A lucky few of you reading this have already been accepted to your dream college, figured out how you’re going to pay for tuition, and maybe started planning how you’re going to move your entire Harry Potter book, movie, and merchandise collection to the East Coast. However, the majority of us have no clue where we are going to be at the end of the summer. Some of us haven’t even received decisions from schools yet. Most of us still have a lot of unanswered questions about what our futures will be like, or even where they will be. And second semester senior year certainly gives time for musing on these unanswered questions – so, here are some of my late-night (and in-class) ponderings on life next year:
What exactly IS winter? For those who want to go somewhere with seasons, we will have to figure this out. Besides the technicalities of how to drive in the rain (a skill Californians definitely need to improve on), there are other questions: how cold is cold? Will I get laughed at for shivering when it’s 60? What do I do if the power goes out? And the worst thing – it will be impossible to go surfing in December (not that I surf).
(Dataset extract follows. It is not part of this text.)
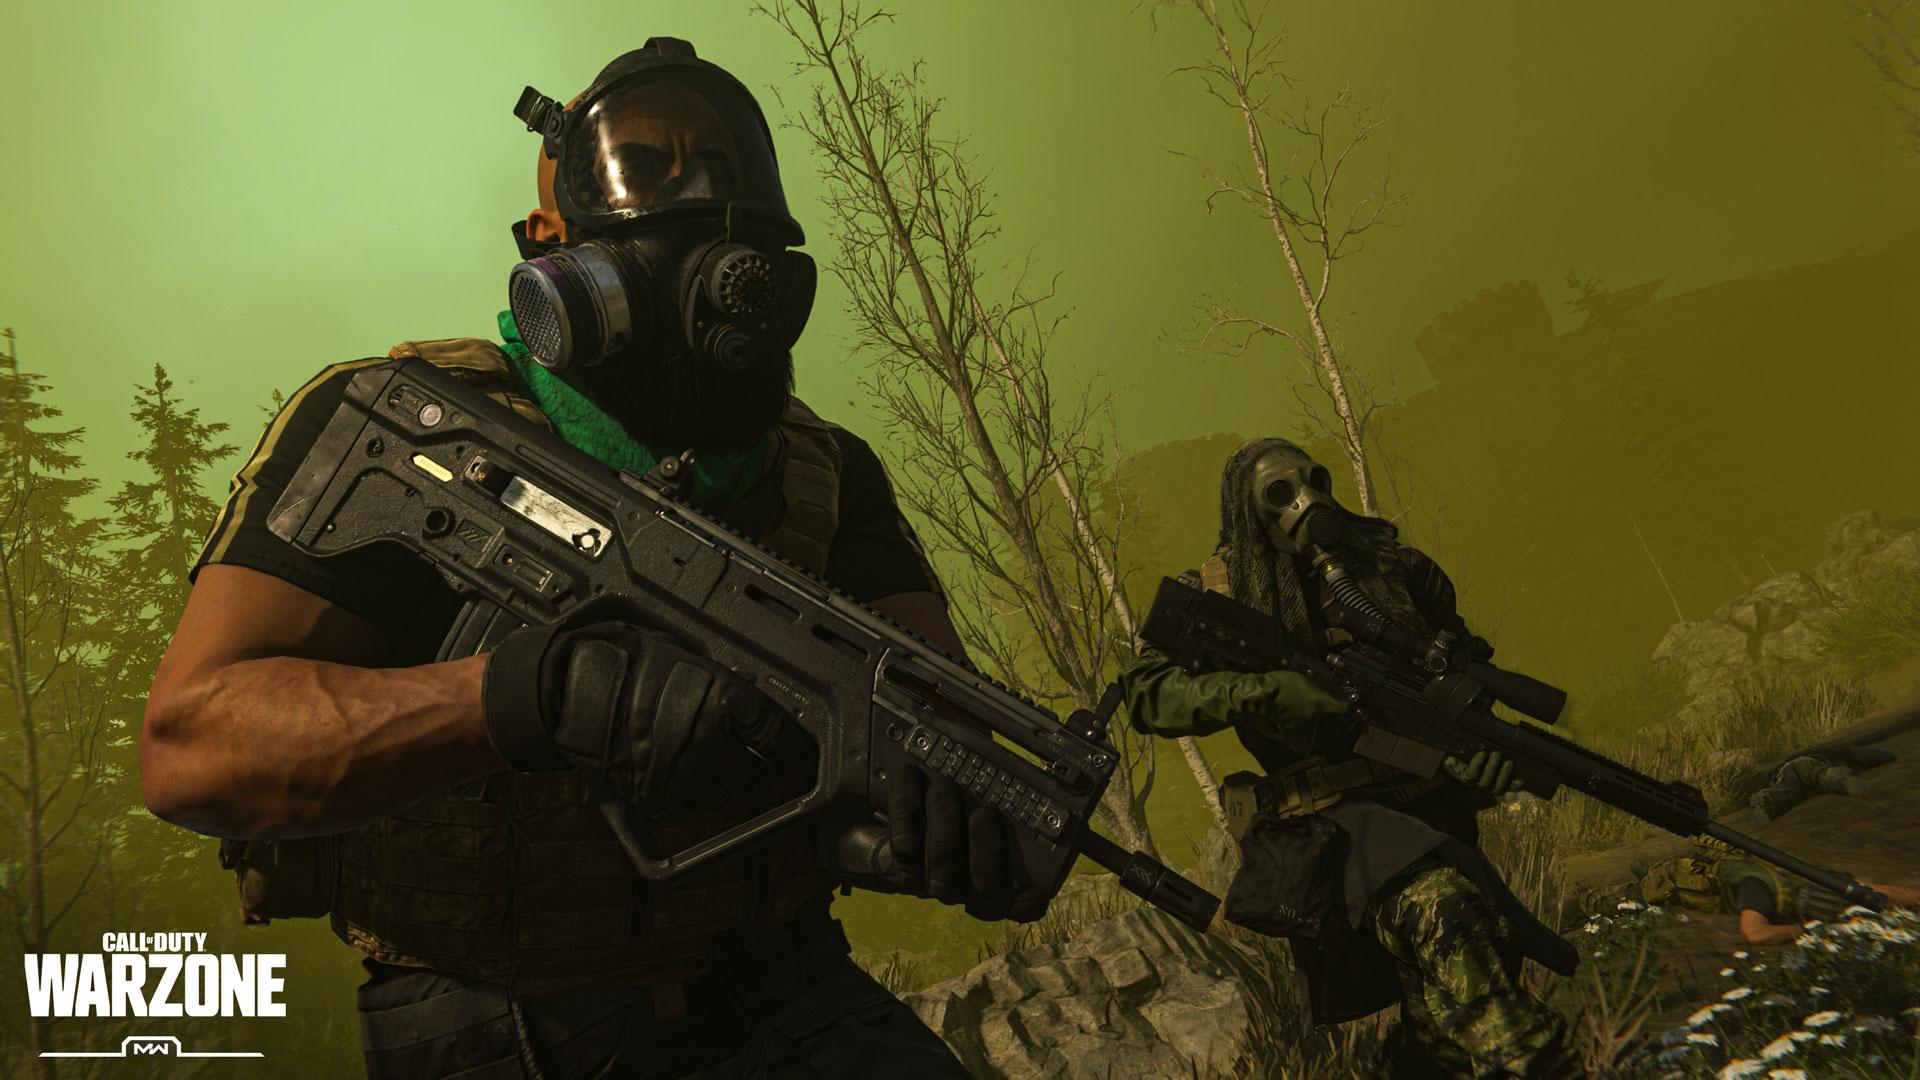 В Call of Duty: Warzone нашли новый баг — он позволяет видеть конкретного игрока через стены

How do you pay taxes? Personally, I am ashamed about how little I know about money. I live off of Starbucks gift cards and the occasional babysitting money. If someone handed me a paycheck right now, I would have no clue what to do with it. Do people document those things? How much should I put towards savings, or groceries? Wait … I’ll have to pay for groceries …
Do I actually have to meet new people? Yes. I’m sure some of you are social butterflies, but I’m rather happy in my little bubble. What if everyone I meet already has a social group? What if my roommate doesn’t like Harry Potter?
What if I don’t get into Stanford? Well, I mean, it wouldn’t be the worst thing. But what if someone else is accepted, and I’m not? Am I secretly stupid? Do I really want to go to Stanford, anyways? *Cue rethinking entire life path*
What will it be like living outside of suburbia? I don’t know about you, but I am desperate to get out of NP. However, I am uncertain about how I would hold up in the city. On one hand, there will actually be things to do at 2 AM rather than write random online opinion articles. On the other, I’m terrified of tall buildings (and heights in general), not to mention other people. There will be a lot of people.
Will I ever see my life-long friends again? I mean, that is the meaning of “life-long”, but plane tickets are expensive. And next year, we’re going to be scattered over the entire country, possibly the entire globe. Usually, I shove this thought to the back of my mind. Yay for Skype!
Is the fabled Ramen Noodle diet a thing? My parents insist that Ramen Noodles, at less than a dollar a packet, will be the most affordable calorie-bang-for-your-buck during college. But, coupled with the “freshman fifteen”, I’m not sure if I’ll be able to live that Ramen lifestyle. Most dorms have an affordable cafeteria, right? But that food isn’t necessarily so healthy, either. Why is quinoa so expensive?!
These are just a few of many, many unanswered questions. But what’s given me the most peace is knowing that it would be impossible to know everything, and if I did, I’d probably just freak out more. Right now is the time to enjoy second semester senior year, and know (for better or worse) that soon nothing will ever be the same.